Dark Need (House of Sin 3)
He closes his eyes and sighs again, pulling me closer into his embrace. “Sleep.”
Sleep? But we’ve finally started talking, and there’s so much I still have to say, so much I still want to ask.
“But I haven’t even asked you about your past yet,” I say.
He grumbles, “You don’t want to know. Trust me.”
“Yes, I do,” I say.
“No, you don’t,” he growls back. “Now sleep.”
I sigh out loud. “Fine.”
He smiles against my forehead and presses another kiss. “I will tell you another time … Kitten.”
I didn’t mean to purr against his chest, but I can’t stop my body’s reactions to his words. Every time he touches me, I want more; every time he inches closer, he steals my breath away; and when he kisses me, I die a little inside.
As I close my eyes, I make a wish …
That when I go to sleep, we can stay here forever … and that I don’t have to regret the beauty falling for the beast.
When I open my eyes, everything around me ceases to exist. What’s left of the hut is replaced by violent red streaks of blood. Clothes are scattered all around me, and in the distance, behind the door, I hear the calls of men.
I hesitate to step out of my bed but still tread toward the light shining behind the door. I don’t know what pushes me to open it, but when I do, my heart stops, and my knees almost cave in on me.
Fifty men and women are dancing away … naked … while some are fucked in the middle of the rooftop. And I’m left scrambling for air, wishing I understood why. But before I can ask, someone jumps toward me, grabs my hand, and drags me into the crowd.
Straight toward the middle.
While my clothes are ripped off my body.
And my lungs refuse to expel the air needed to scream.
Let me out. Let me go.
I’m crying, but no tears fall down my cheeks.
All I can do is pray for mercy and hope they hear.
But when I blink, all of it vanishes, and I drag much-needed oxygen into my lungs. I’m back in the cabin, back in the bed with Soren resting right beside me. My bed is soaked and the sheets clammy, so it must’ve been a nightmare.
But I can’t shake this dread filling my bones as I look at Soren and how peacefully he seems to sleep compared to me. Every time I close my eyes, I risk dreaming about that place again.
The cult.
The Holy Land where they forced me to do their bidding.
To sleep, dress, eat, and speak however they wanted.
They even wanted to marry me off.
I shiver in place and throw the blanket off. I’m sick to my stomach, so I close my eyes and suck in a few more breaths, trying to rid myself of this poison, but it’s hard.
All I can think of are the conversations I had with Soren and how interested he was in learning about that cult. He never asked me before, and when I tried to tell him, he wasn’t interested. Yet suddenly, he wants to know more. Why?
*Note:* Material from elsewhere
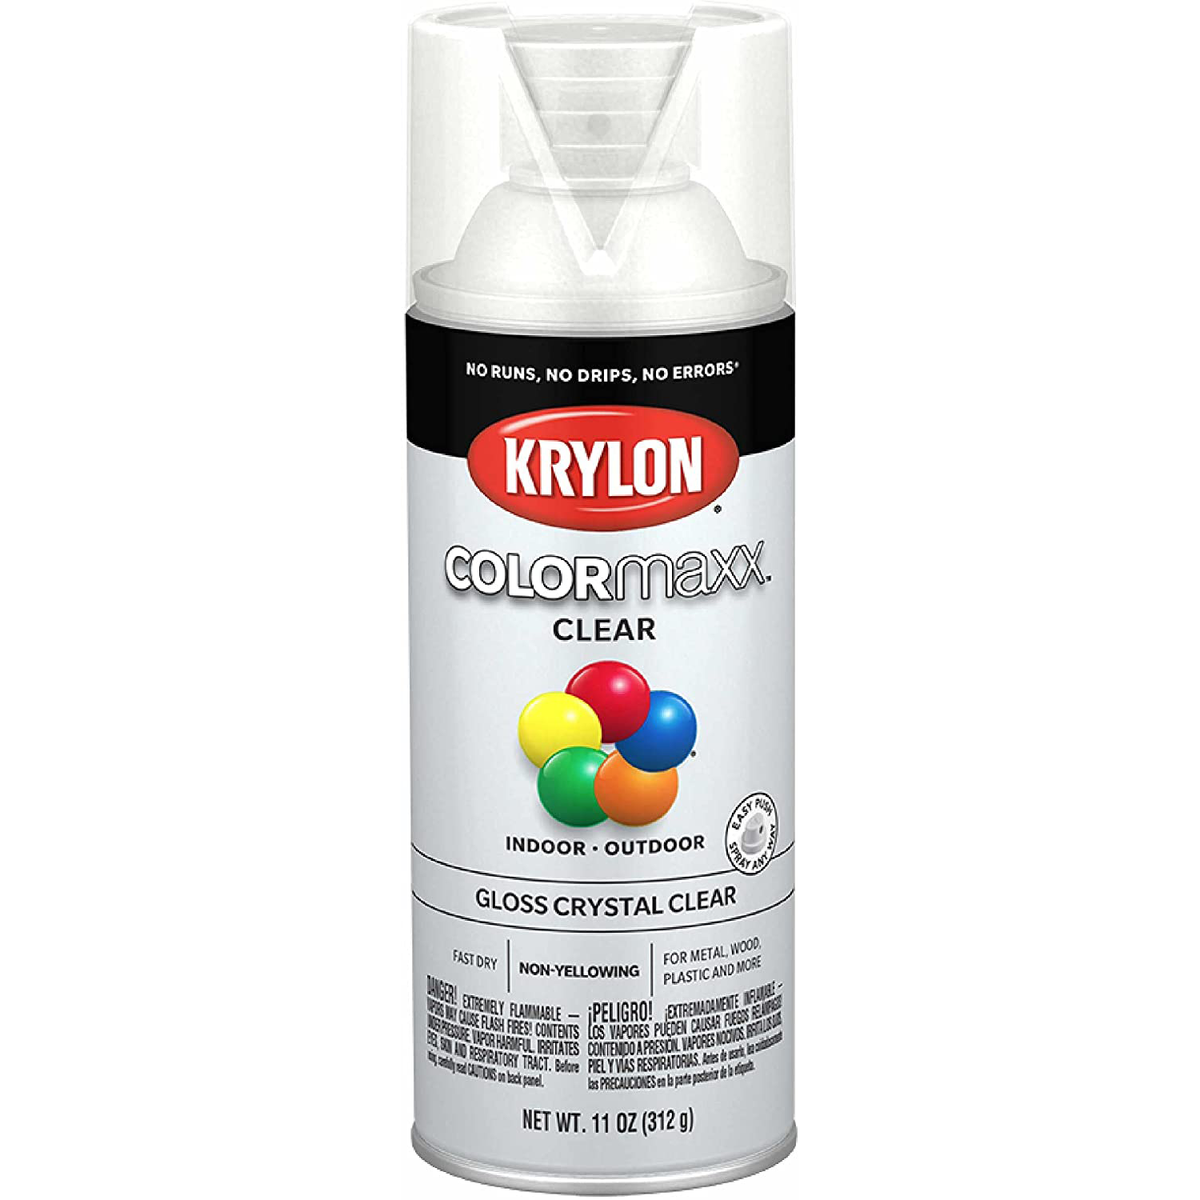 Krylon Spray Adhesive- All Purpose 7010-KRYLON SPRAY ADHESIV

My body goes from hot to cold in the span of a single second as it begins to dawn on me.
What if …?
My head begins to spin.
No, no, he can’t really be thinking of taking me back there?
My eyes widen.
That was his plan.
That’s why he didn’t want to tell me.
In complete panic, I shoot up from the bed and back away from him. Not because I’m terrified of him … but because I’m terrified of the implications when I stay when he takes me back to the only place I swore I would never return to.
My skin begins to crawl as I pick up my clothes and put them on in a hurry. I go out into the main area and grab whatever I can from the cabinets to fill the bag with necessary supplies. It’s not much, but it’ll have to do.
When I pass the door to the bedroom again, I pause and peek inside. Soren’s still there, happily snoring away as if there isn’t a thing in the world that could harm him. But there is something that can.
I swallow.
I’m about to do the one thing I promised not to do.
“I’m sorry,” I whisper, not having the heart to tell him out loud.
I hate to know what he might be thinking when he discovers I’m gone, how he might despise me for leaving him without even saying goodbye, but I cannot risk him waking up.
So I grab the door handle and push open the door while blowing him a final kiss, hoping he might dream of me.
“Goodbye.”
Chapter 34
Soren
I wake up to a cold draft entering the room. I don’t know what time it is or how long I’ve been asleep, but I didn’t plan on going down. It just happened. But the cold is what shakes me up and makes me shiver, so I reach for the blanket and pull it up closer, searching for a warm body to hug with my other hand.